Hashir Muhammad Haseeb, Kim Sung Won
Information and Communication Engineering, Yeungnam University, Gyeongsan, Gyeongbuk, Republic of South Korea.
School of Computer Science and Engineering, Yeungnam University, Gyeongsan, Gyeongbuk, Republic of South Korea.
PeerJ Comput Sci. 2025 May 30;11:e2911. doi: 10.7717/peerj-cs.2911. eCollection 2025.
The proliferation of user-generated content on social networking sites has intensified the challenge of accurately and efficiently detecting inflammatory and discriminatory speech at scale. Traditional manual moderation methods are impractical due to the sheer volume and complexity of online discourse, necessitating automated solutions. However, existing deep learning models for hate speech detection typically function as black-box systems, providing binary classifications without interpretable insights into their decision-making processes. This opacity significantly limits their practical utility, particularly in nuanced content moderation tasks. To address this challenge, our research explores leveraging the advanced reasoning and knowledge integration capabilities of state-of-the-art language models, specifically Mistral-7B, to develop transparent hate speech detection systems.
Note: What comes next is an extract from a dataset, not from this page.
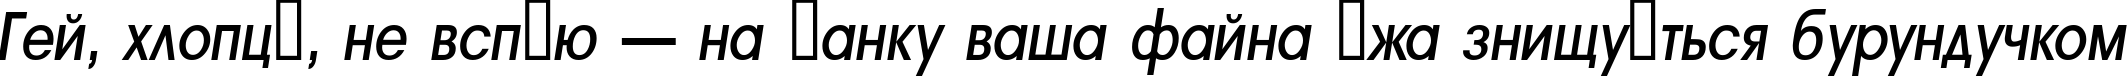 Пример написания шрифтом a_AvanteNrMedium Italic текста на украинском
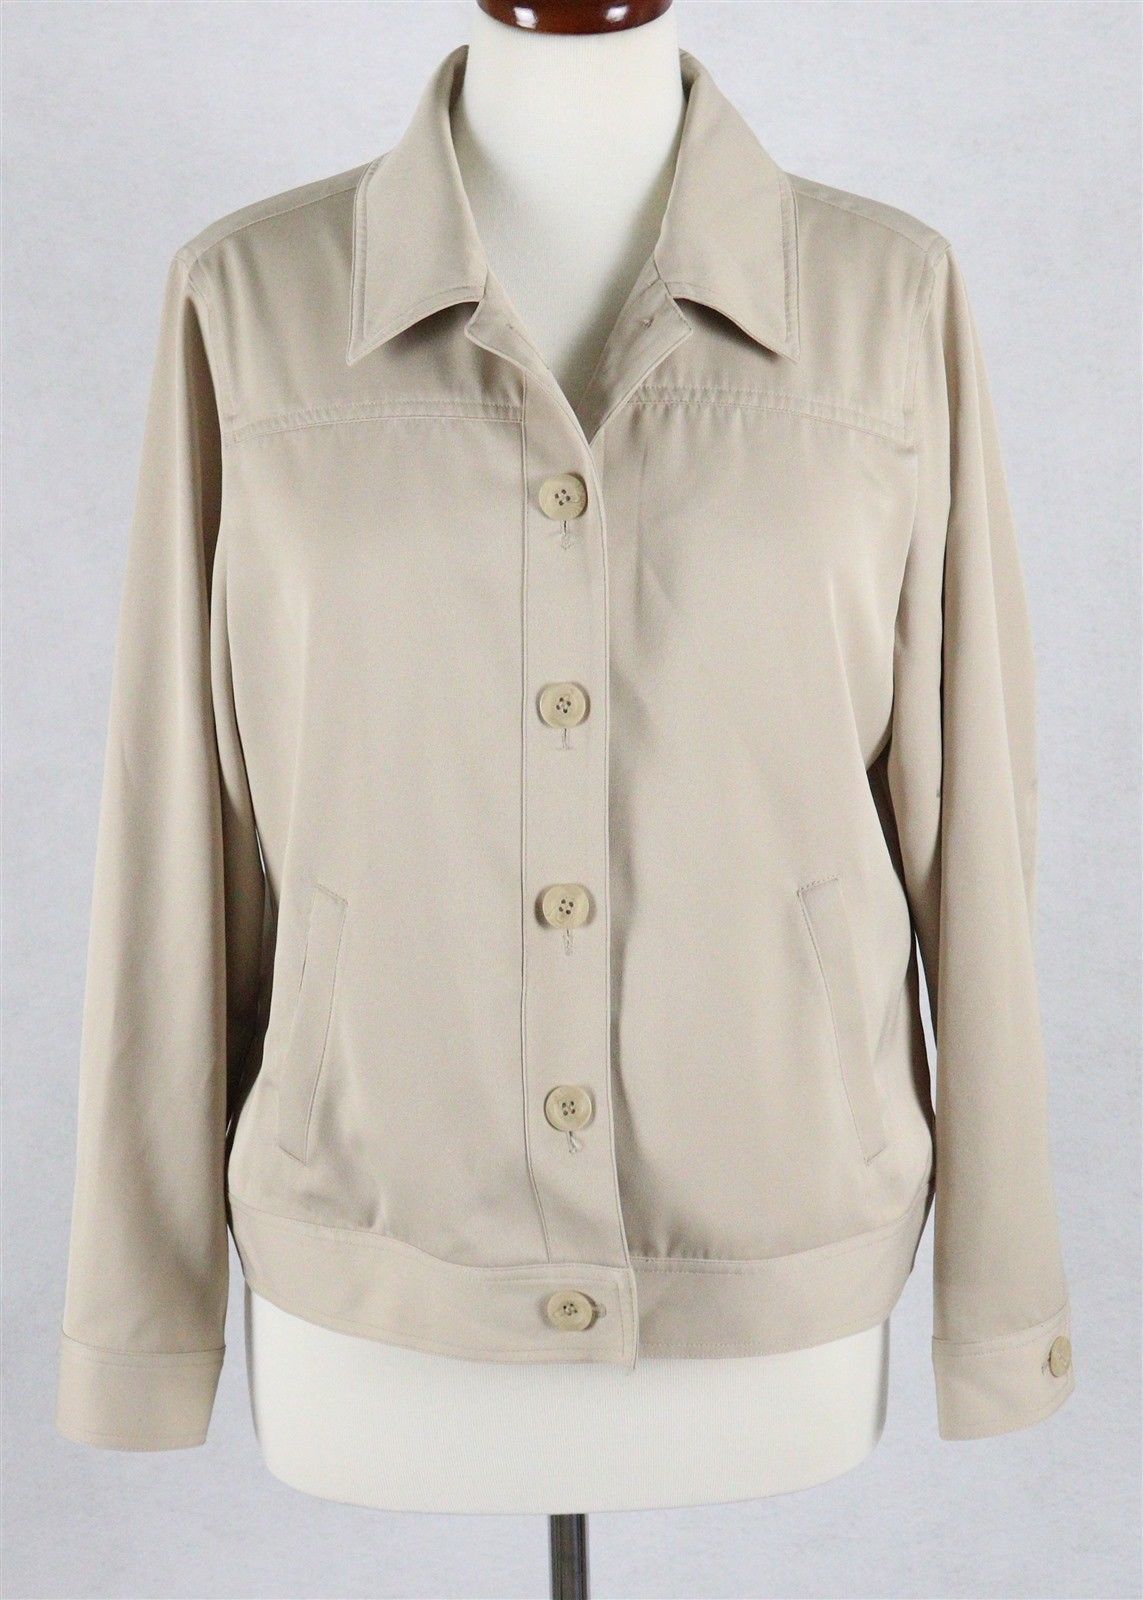 Appleseed's Womens Long Sleeve Beige Jacket Shirt Size 10P 10 Petite ...

We introduce a novel framework wherein large language models (LLMs) generate explicit rationales by identifying and analyzing critical textual features indicative of hate speech. These rationales are subsequently integrated into specialized classifiers designed to perform explainable content moderation. We rigorously evaluate our methodology on multiple benchmark English-language social media datasets. Results demonstrate that incorporating LLM-generated explanations significantly enhances both the interpretability and accuracy of hate speech detection. This approach not only identifies problematic content effectively but also clearly articulates the analytical rationale behind each decision, fulfilling the critical demand for transparency in automated content moderation.
社交网站上用户生成内容的激增,加大了大规模准确高效检测煽动性和歧视性言论的挑战。由于在线言论的数量庞大且复杂,传统的人工审核方法不切实际,因此需要自动化解决方案。然而,现有的用于仇恨言论检测的深度学习模型通常作为黑箱系统运行,提供二元分类,却无法对其决策过程给出可解释的见解。这种不透明性极大地限制了它们的实际效用,尤其是在细微的内容审核任务中。为应对这一挑战,我们的研究探索利用最先进语言模型(特别是米斯特拉尔 - 7B)的高级推理和知识整合能力,来开发透明的仇恨言论检测系统。我们引入了一个新颖的框架,其中大语言模型(LLMs)通过识别和分析表明仇恨言论的关键文本特征来生成明确的理由。这些理由随后被整合到专门设计用于执行可解释内容审核的分类器中。我们在多个基准英语社交媒体数据集上对我们的方法进行了严格评估。结果表明,纳入大语言模型生成的解释显著提高了仇恨言论检测的可解释性和准确性。这种方法不仅能有效识别有问题的内容,还能清晰阐明每个决策背后的分析理由,满足了自动内容审核中对透明度的关键需求。